I am providing my opinion based on my concern as a resident of the City of Youngstown, but it goes beyond that. My concern is for myself, my property, the other citizens of the City and their property. It also encompasses those that visit Youngstown - students, employees, and patients at the hospitals - whatever the reason may be. My interest is in public safety.

No, gunr, I do not have the breakdown of the "meaningful categories." If YOU do, please enlighten us with the actual numbers and the categories.

Once again, what is important to you regarding fire service? What is “rational?”

Would you please provide readers with how the operations of the fire department should be conducted? How many firemen are needed for a vacant house fire? A vacant industrial building? How many are needed for an occupied house? How about Choffin School when in session? How many firemen are needed for a grass fire? Car fire? A detached garage? How about a hazardous materials spill on I-680? What about a multiple vehicle accident with people trapped?

"Better arguments are accepted when the real need for service is unmasked by the real facts."

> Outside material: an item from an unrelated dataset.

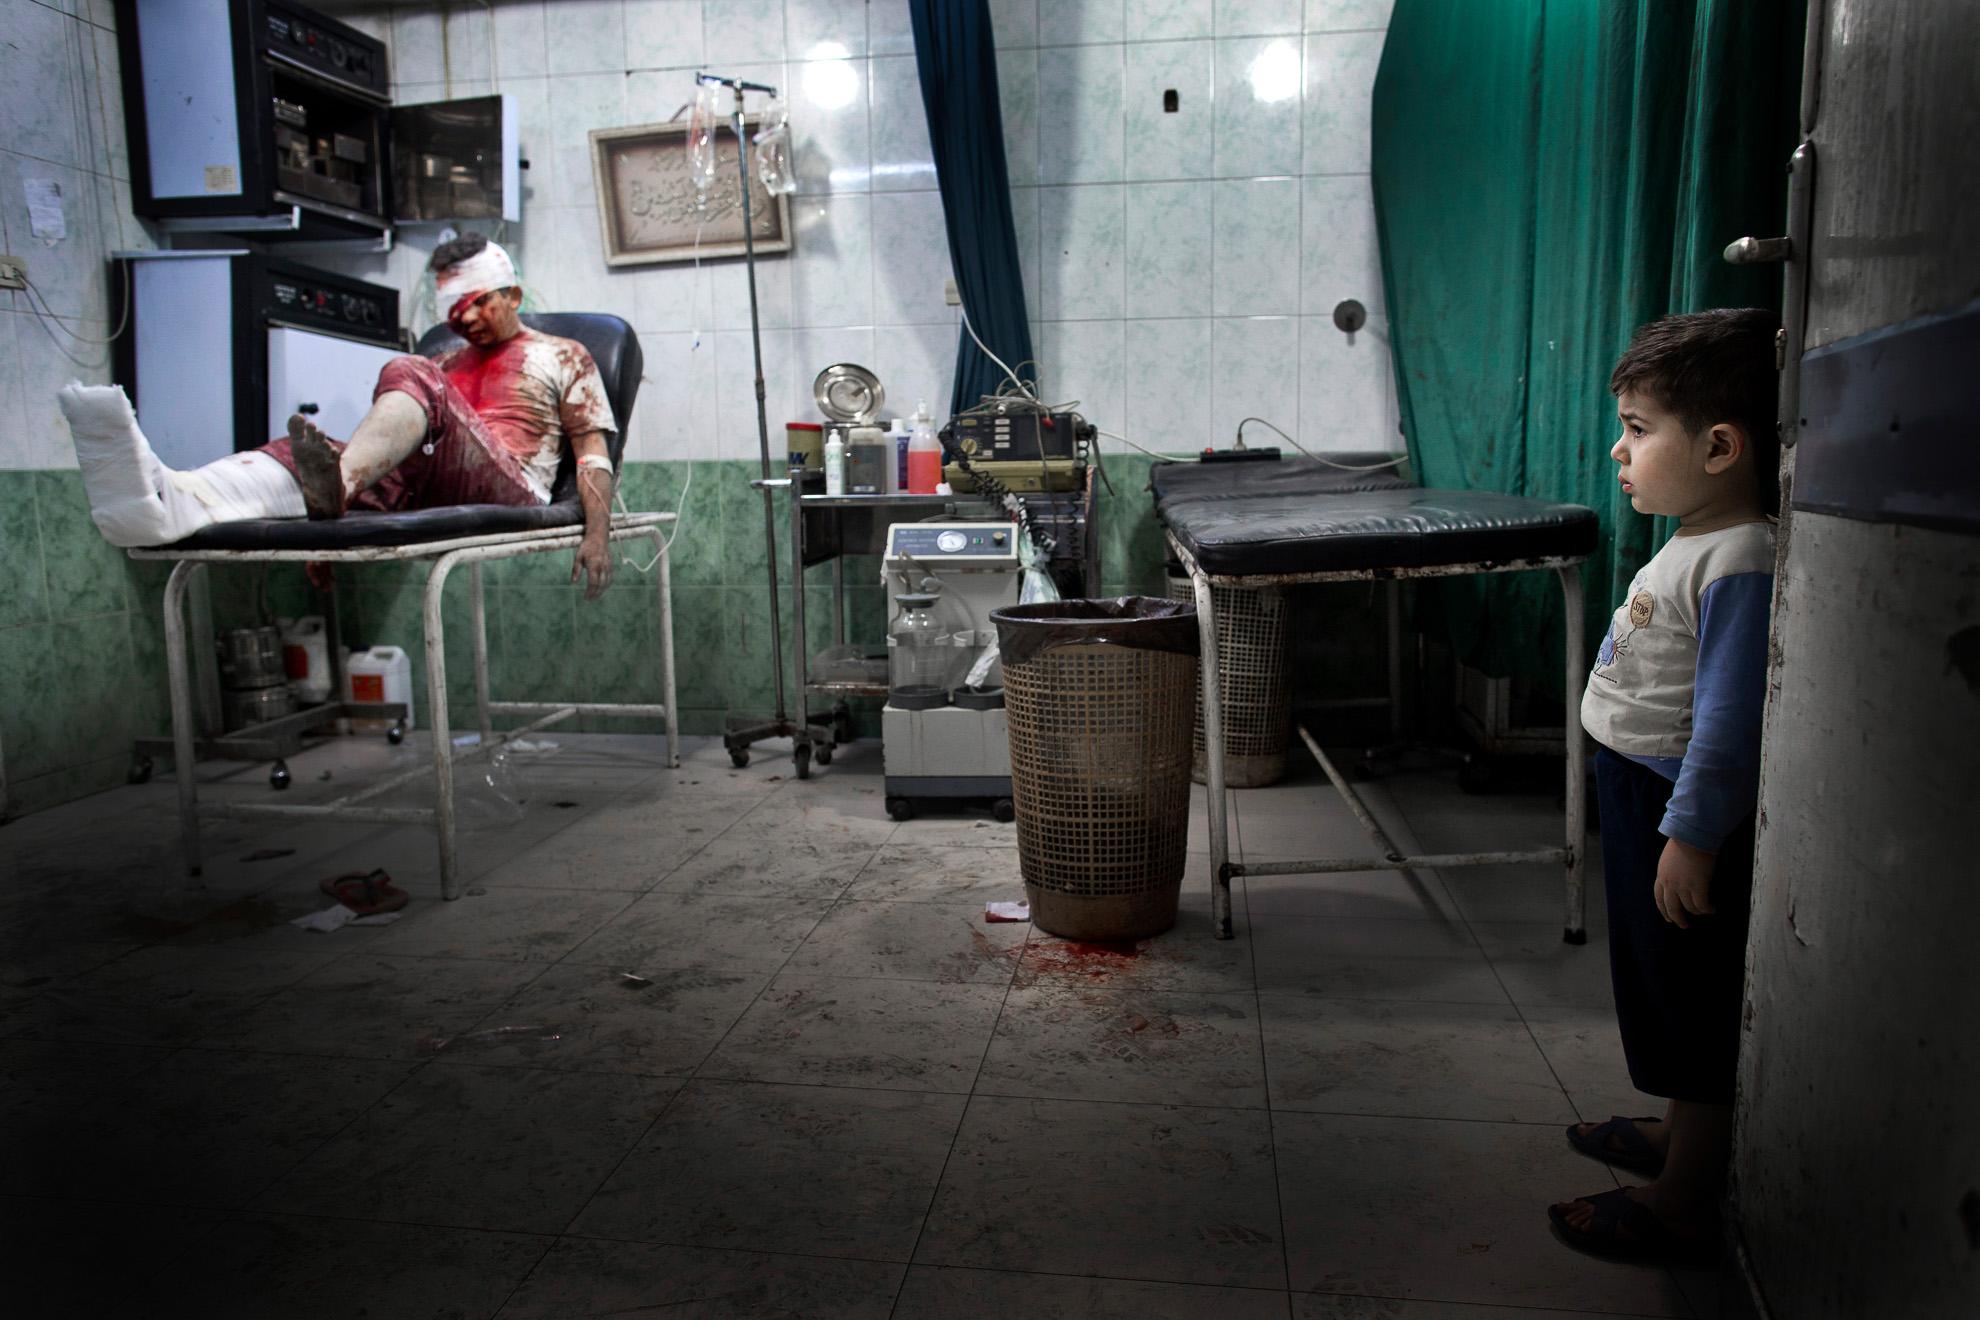 Alepo, Siria. 15-10-2012. Un niño en el hospital de Dar al-Shifa mira a los pacientes heridos. El hombre herido fue trasladado al hospital junto a su esposa embarazada. Ambos están en estado crítico.

You seem to diminish or ignore the FACTs mentioned in my original post.
Here are some references that you may refer to that provide credibility to what I very briefly mentioned:

1.) Lightweight building construction - http://www.nfpa.org/newsandpublicatio...
a. I address this topic due to the FACT that there are numerous locations within the City that have this type of building construction – including a moderately sized residential area called Arlington Heights.
2.) NFPA 1710 - http://carolstreamfire.org/NFPA%20171...
3.) High rise assisted living/senior building fire (not downtown) that addresses the FACT that sprinkler systems and alarms are not a failsafe - http://www.vindy.com/news/2014/apr/28...
4.) High rise fire at downtown business – fire WAS NOT put out by a sprinkler system. Also, there was an occupant on the 11th that was exposed to smoke. The fire was in the lobby – the entire building posed a hazard to anyone inside. By your standards and experience - how many firemen should be able to manage such a situation? http://www.vindy.com/news/2012/jul/13...

Although I am certain that nothing I have mentioned will mean anything to you – I would like to believe that it may mean something to others that may be impacted by the reduction in service.